Am I working this out correctly? (proof for injective function)

[bushra1175]

Hi everyone. This is the question:


This is how far I got:


I was wondering if the next step is to cross multiply p/q and u/v so that we end up with qu = pv? if so, am I correct in saying that this is not an injective function?

I say this as a pure guess even though I know what it means to have an injective function. I've only answered these types of questions when I'm provided with a set of values for the function but this is the first time I've had to make a proof without one. I appreciate all help with this.

 

[yoscar04]

Hi everyone. This is the question:
View attachment 20554

This is how far I got:
View attachment 20555

I was wondering if the next step is to cross multiply p/q and u/v so that we end up with qu = pv? if so, am I correct in saying that this is not an injective function?

I say this as a pure guess even though I know what it means to have an injective function. I've only answered these types of questions when I'm provided with a set of values for the function but this is the first time I've had to make a proof without one. I appreciate all help with this.

What do you think of the pairs (1,2) and (2,4)? Try to apply the definition injective function to f(p,q)=p/q. What do you get?

 

[Dr.Peterson]

Hi everyone. This is the question:
View attachment 20554

This is how far I got:
View attachment 20555

I was wondering if the next step is to cross multiply p/q and u/v so that we end up with qu = pv? if so, am I correct in saying that this is not an injective function?

I say this as a pure guess even though I know what it means to have an injective function. I've only answered these types of questions when I'm provided with a set of values for the function but this is the first time I've had to make a proof without one. I appreciate all help with this.

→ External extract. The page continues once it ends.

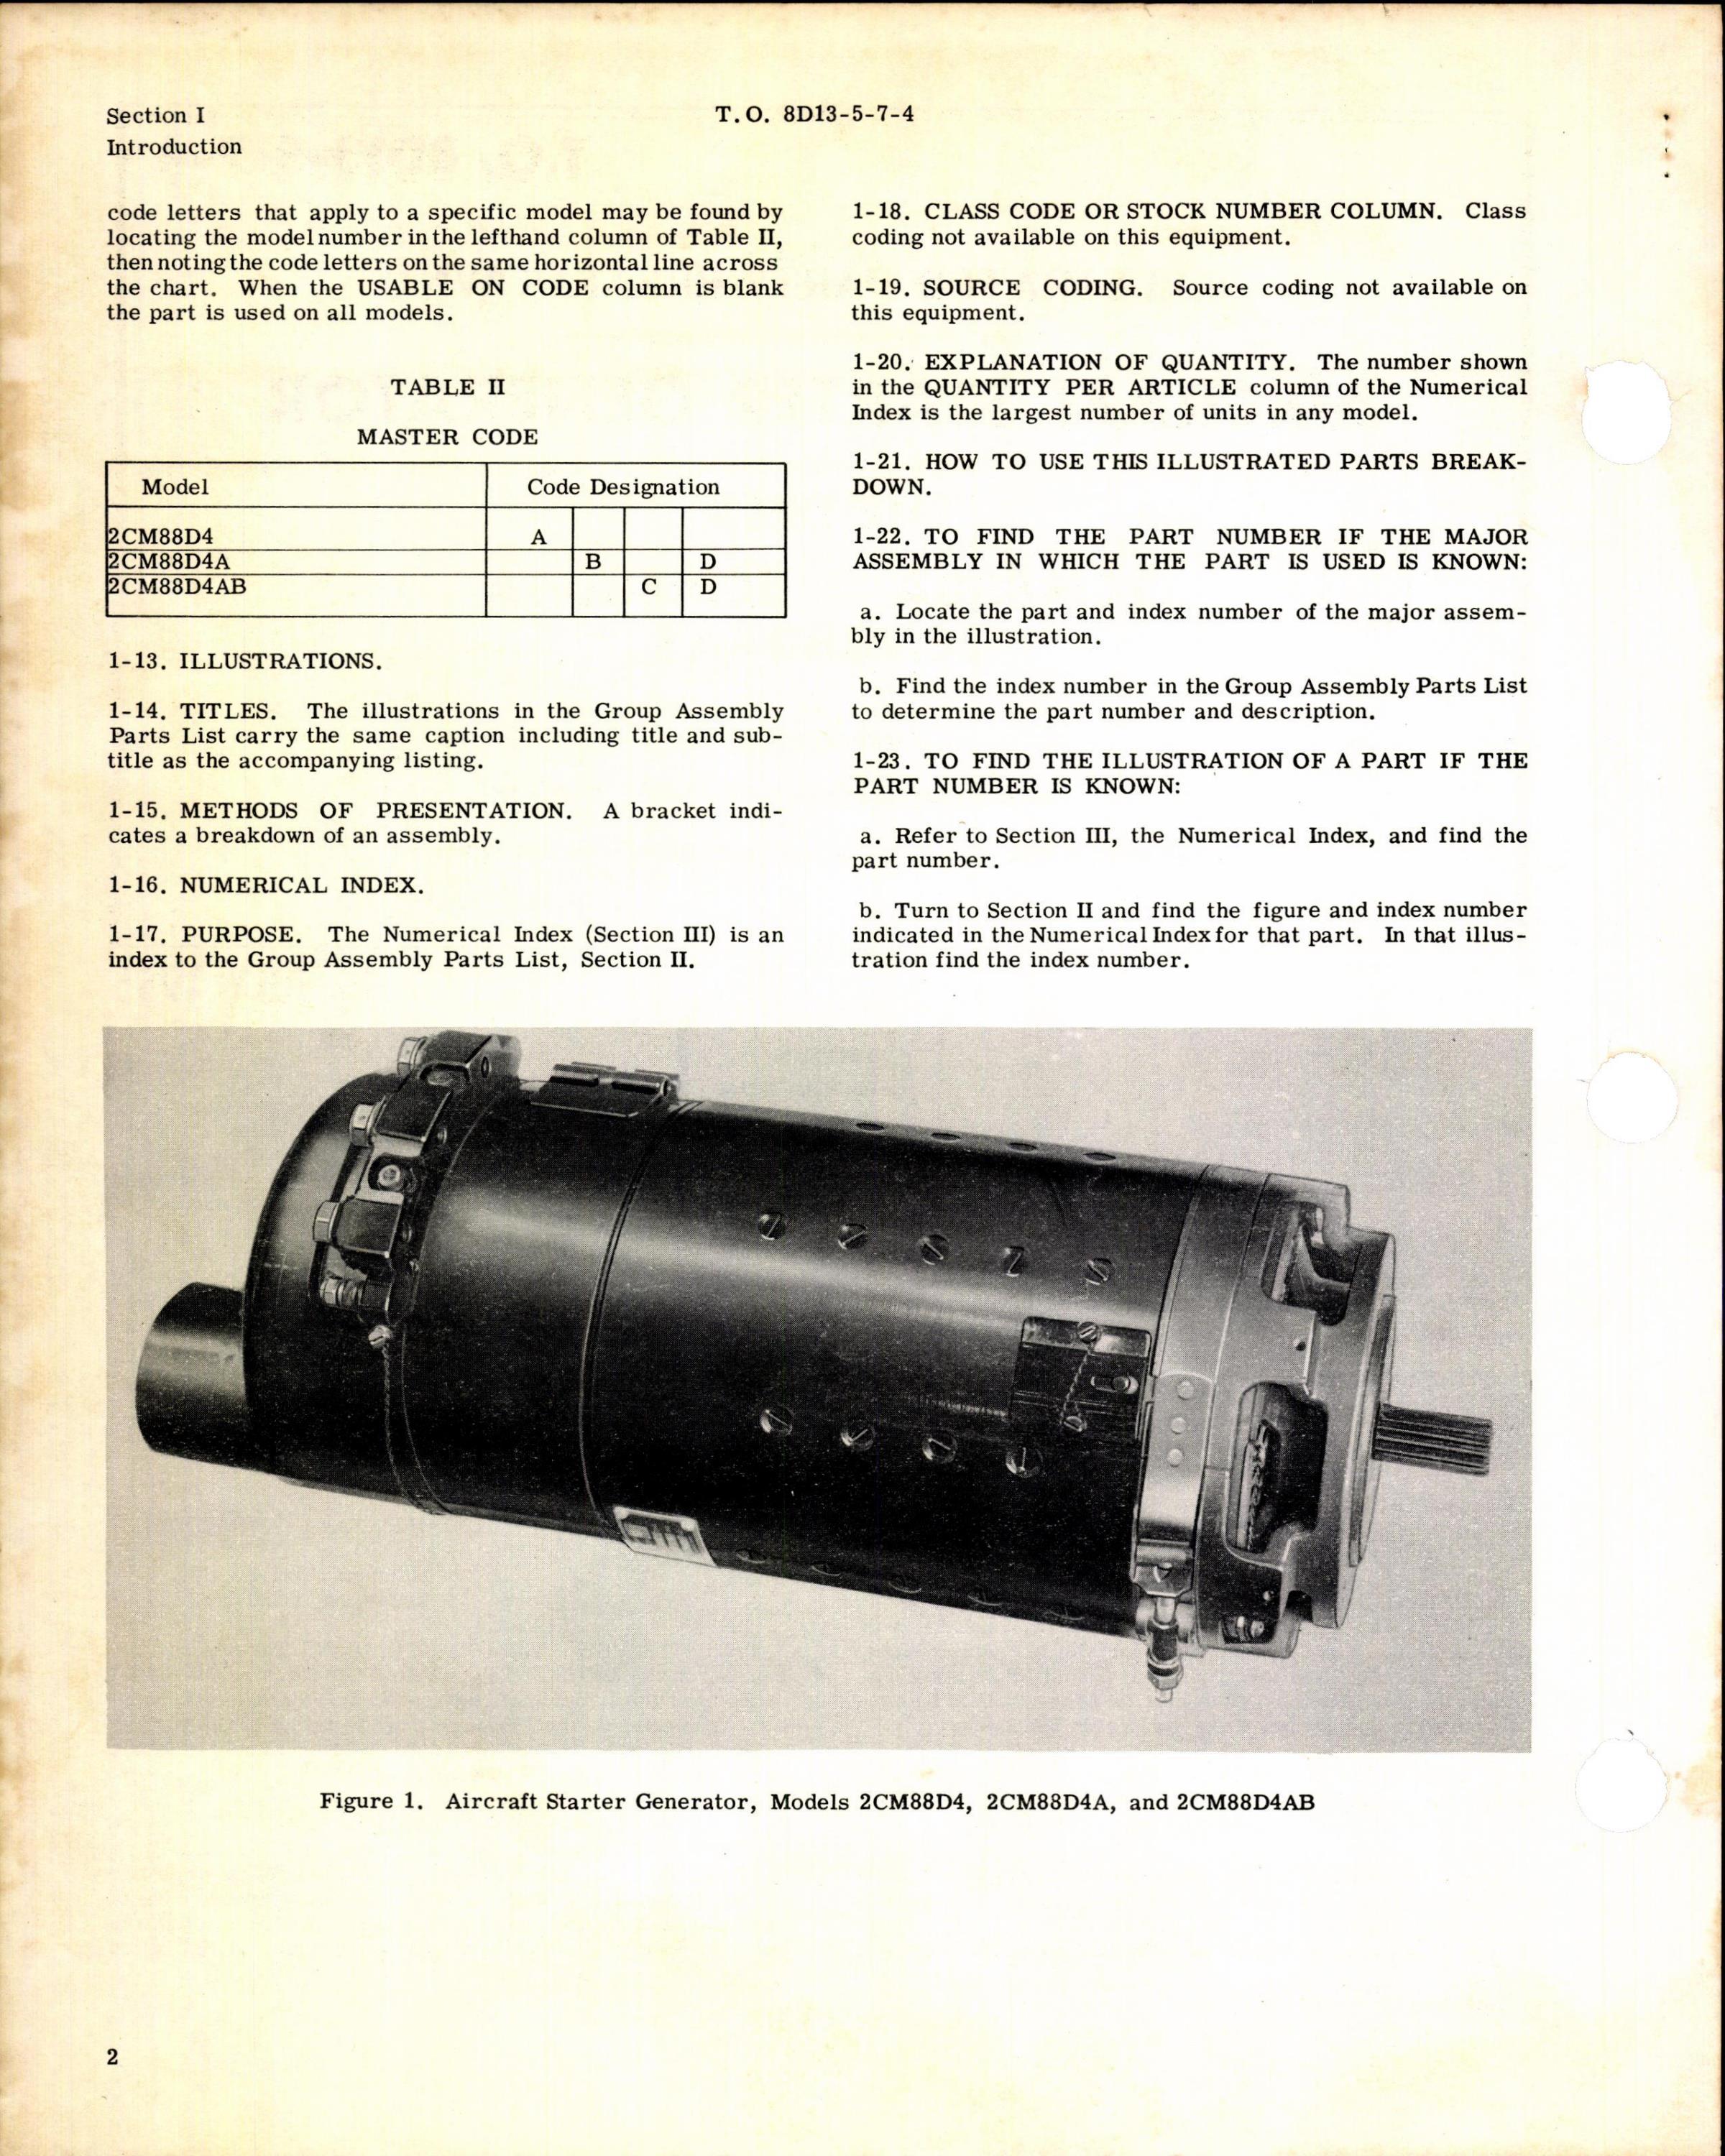 Sample page 2 from AirCorps Library document: Illustrated Parts Breakdown for Aircraft Starter Generator

Let's start by fixing what you've written. You can't possibly mean it literally, as you are saying that somehow defining a function f causes all fractions to be equal!

I think you mean something more like this: Suppose that [MATH]p, q, r, s\in\mathbb{Q}[/MATH], such that [MATH]f(p,q) = f(r,s)[/MATH]. Then ...

Now, what would this imply if f were injective?

But yoscar04 is actually closer to the right path; think about what it takes to prove something is not true. Does the word counterexample ring a bell?

 

[Steven G]

How do you show that a function is 1-1.

You suppose that f(p,q) = f(r,s) and you conclude that (p,q) = (r,s). If you can't then the function is not 1-1.

Two fractions can be equal and not look the same. yoscar04 supplied you with one in 1/2=2/4. If you really knew the definition of 1-1 you should have seen this happening!

 

[pka]

It occurs to me that this maybe is misunderstanding about notation.
For ordered pairs it is the case that \(\large (1,2)\ne (2,4)\) . But \(\dfrac{1}{2}=\dfrac{2}{4}\).
So if \(F: R\times R\to R\) by \(F: (x,y)\mapsto \dfrac{x}{y}\) then \(F(1,2)=F(2,4)\).